* Task requirements: Could you copy the data that follows exactly as written, but drop the pictures?

* Provided data:
* * *

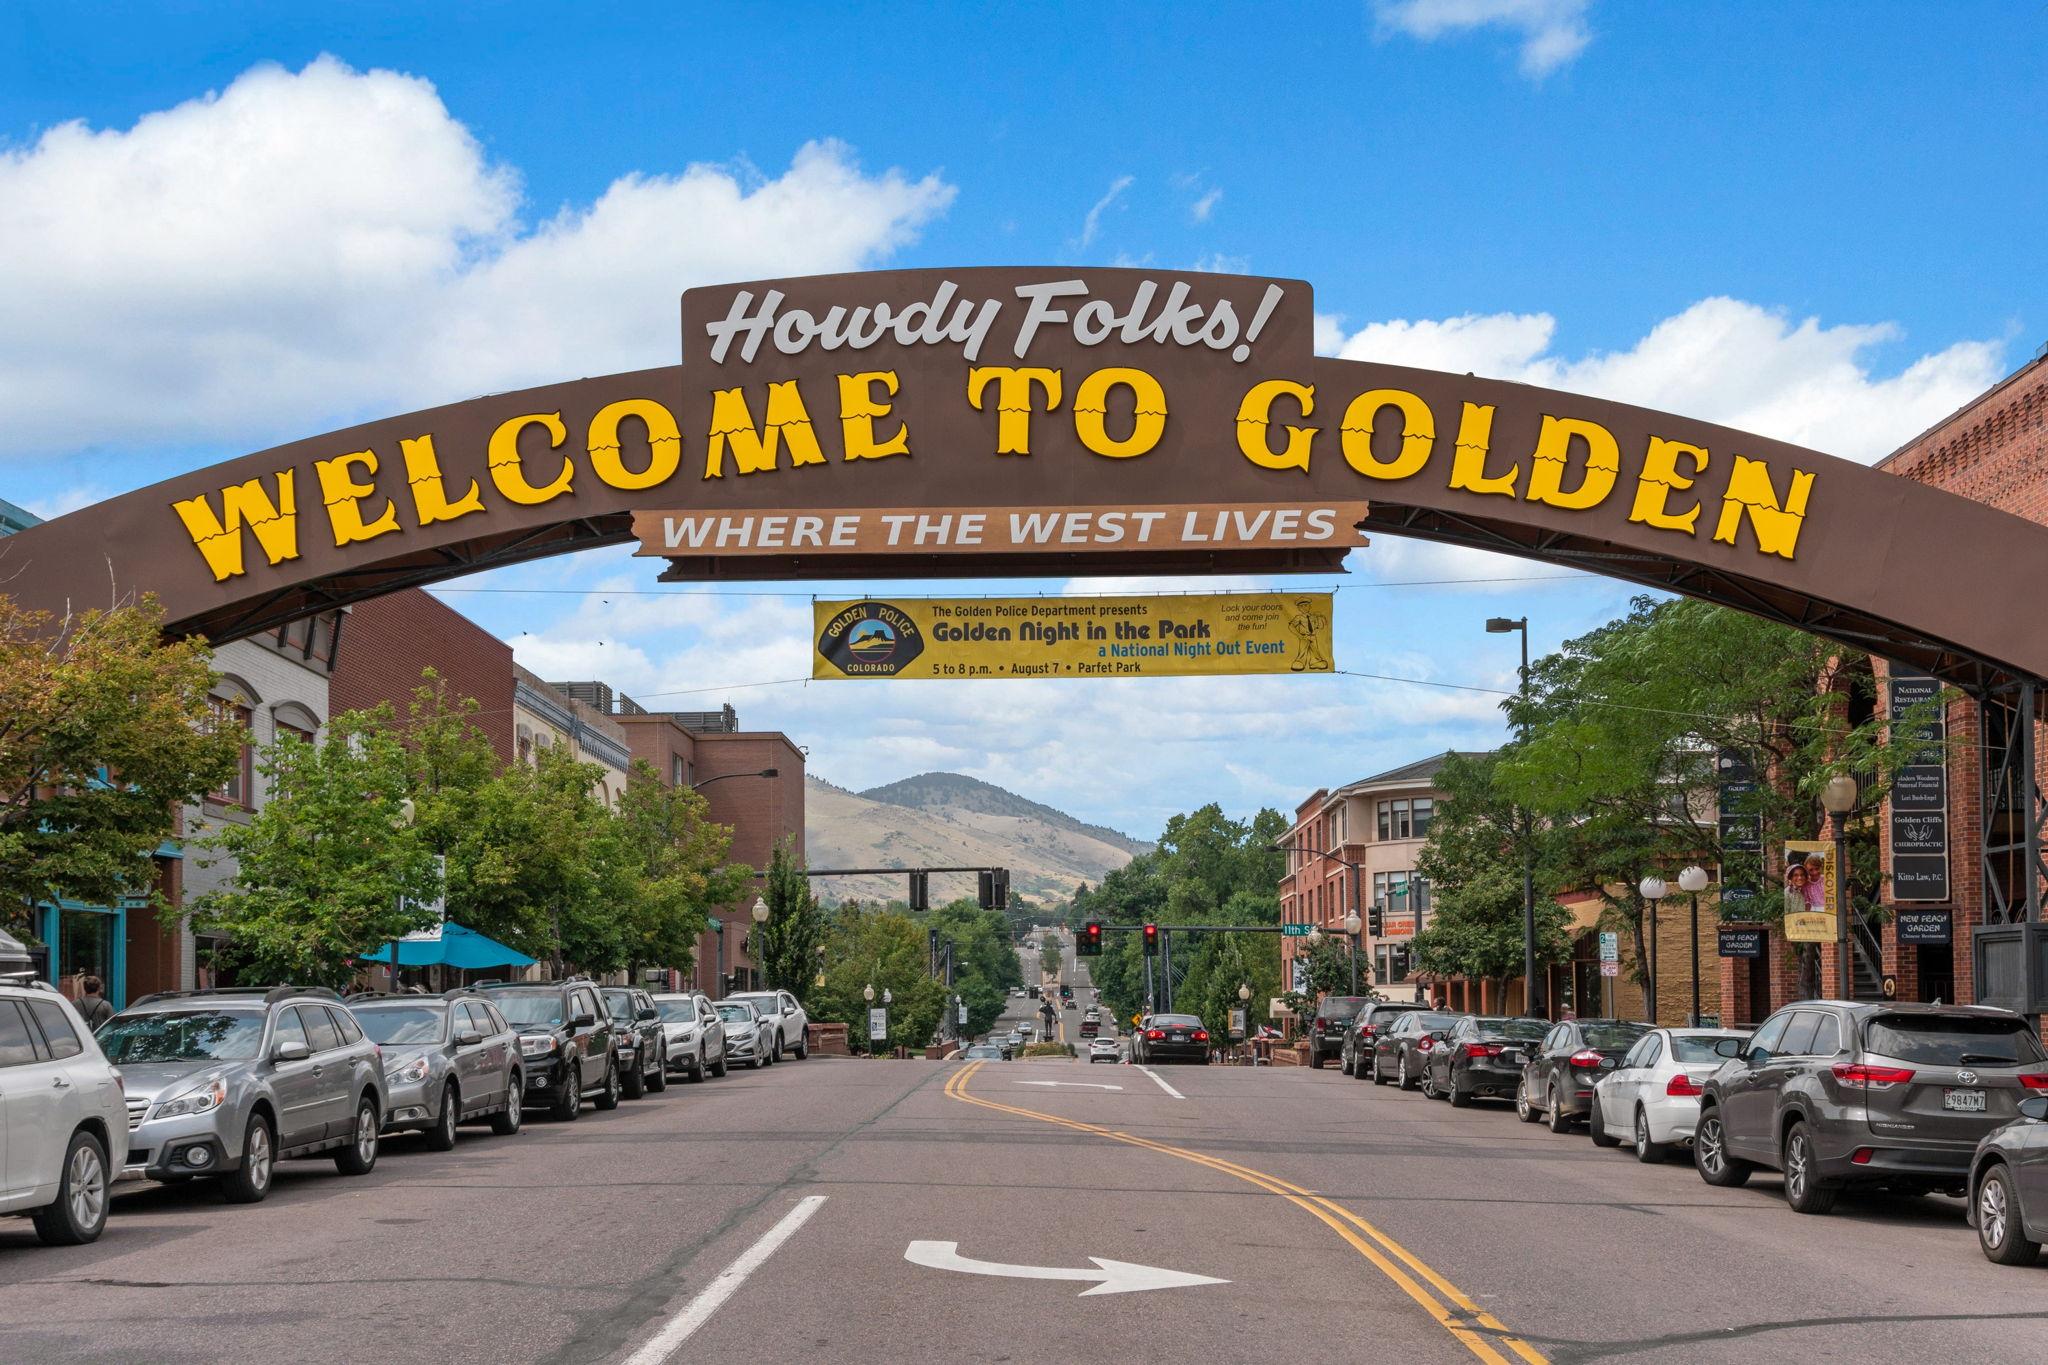 Golden Neighborhood
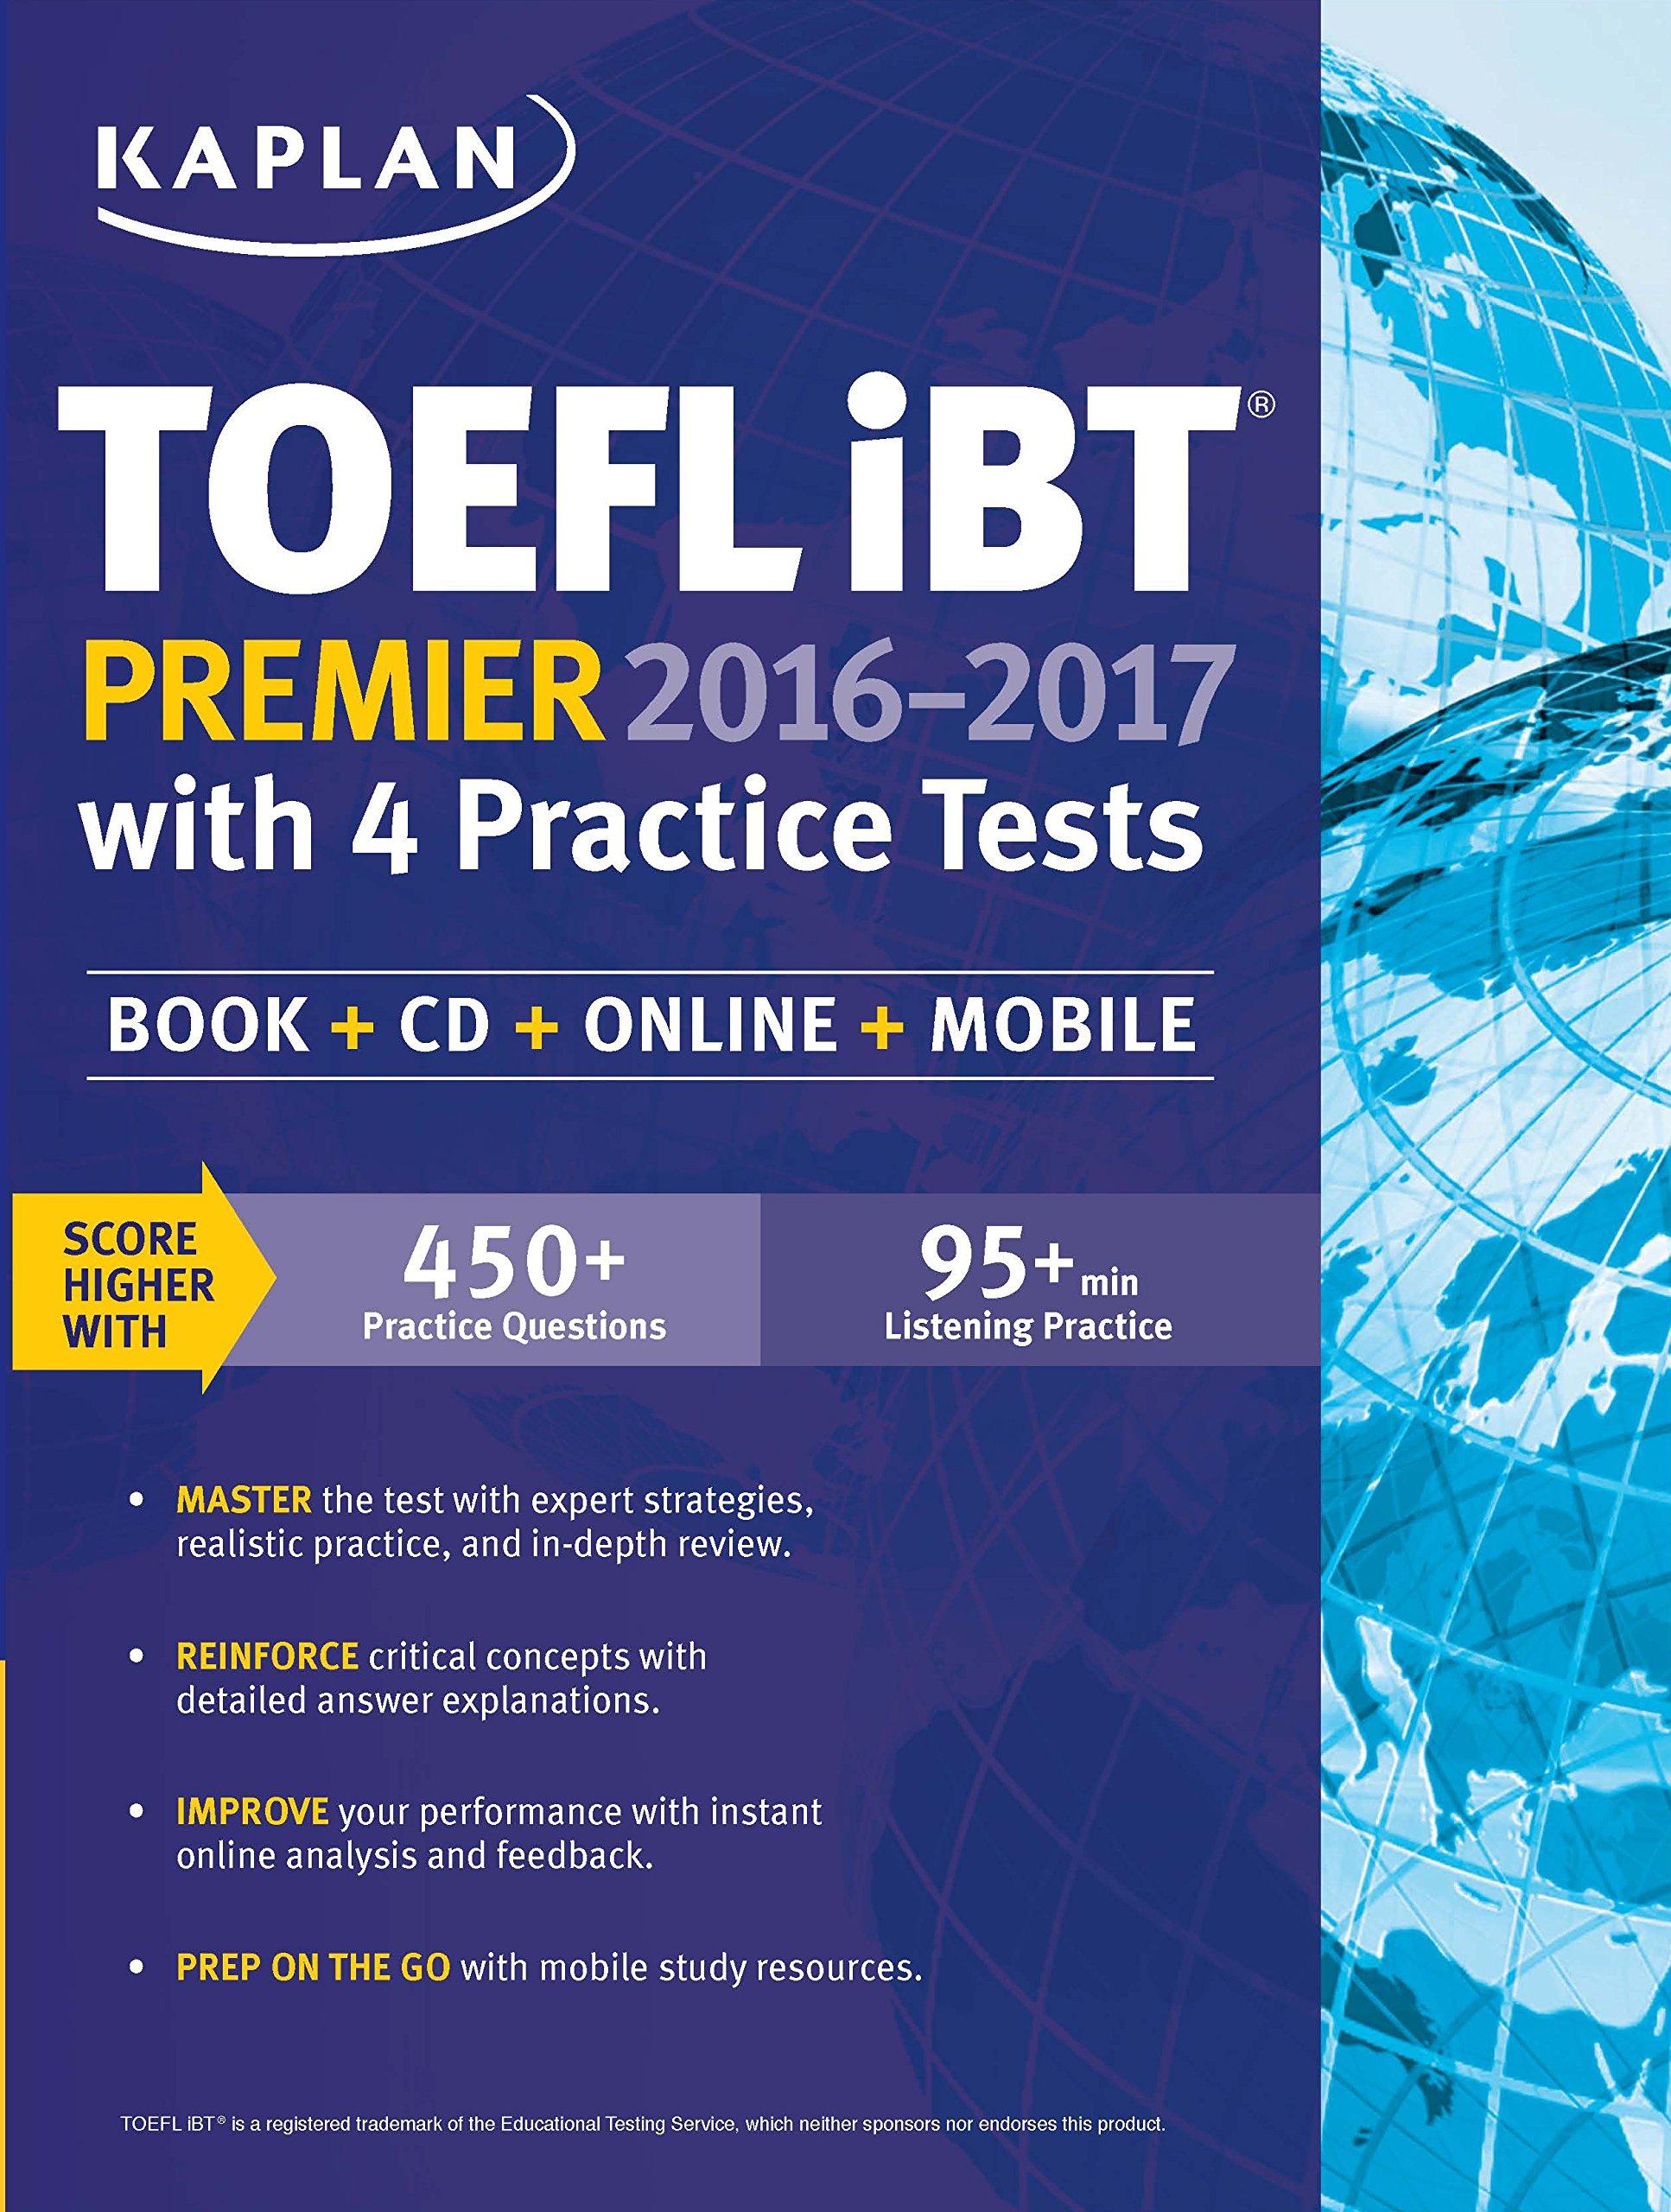 Kaplan TOEFL iBT Premier 2016-2017 with 4 Practice Tests ebook
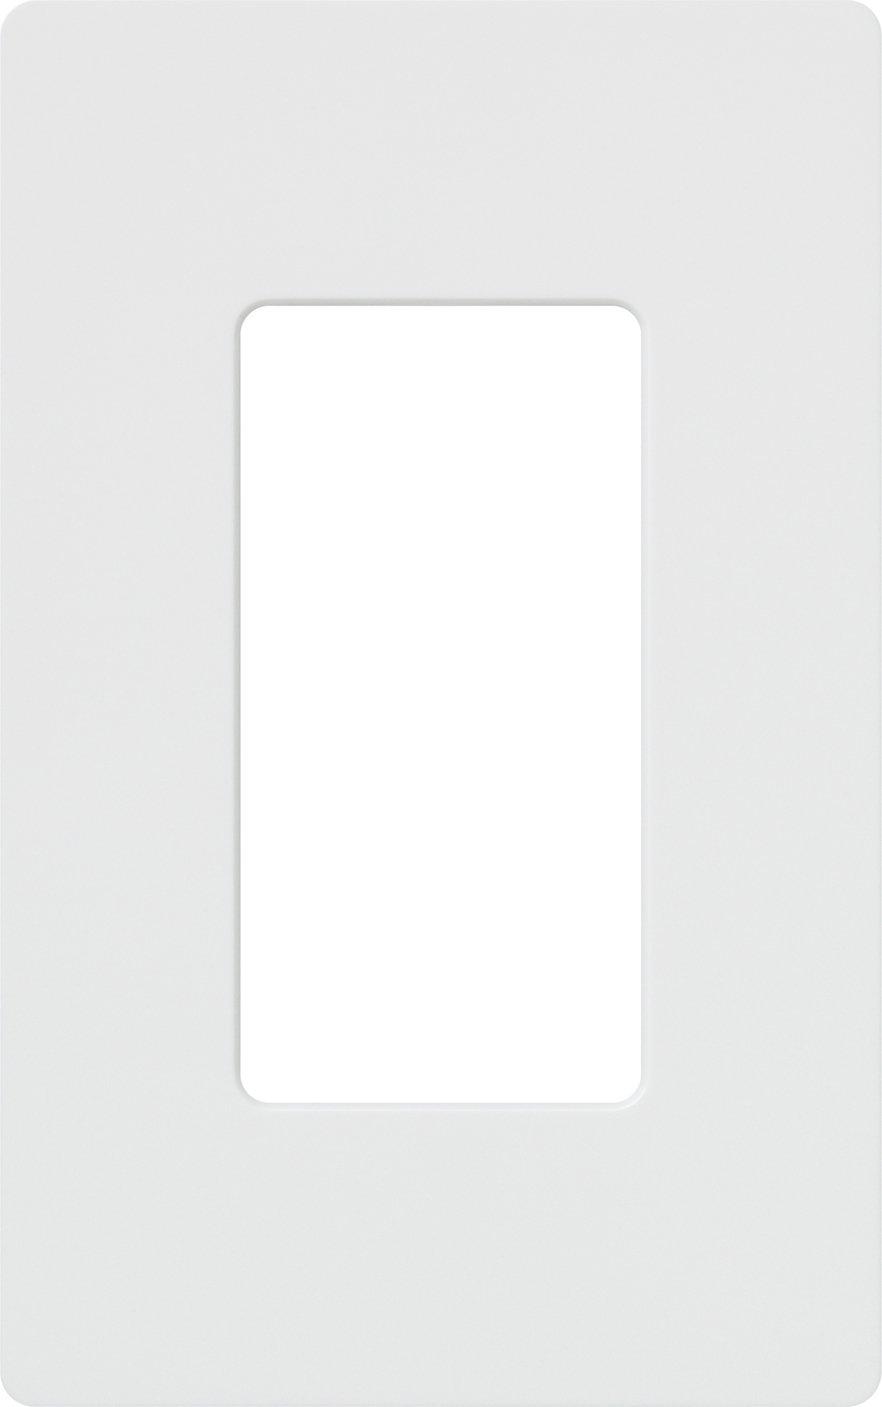 Lutron CW-1-WH-96 Claro 1-Gang Wallplate (96 Pack), White by Lutron B000MAXBOU

* * *

* Answer to the problem:
 Golden Neighborhood
 Kaplan TOEFL iBT Premier 2016-2017 with 4 Practice Tests ebook
 Lutron CW-1-WH-96 Claro 1-Gang Wallplate (96 Pack), White by Lutron B000MAXBOU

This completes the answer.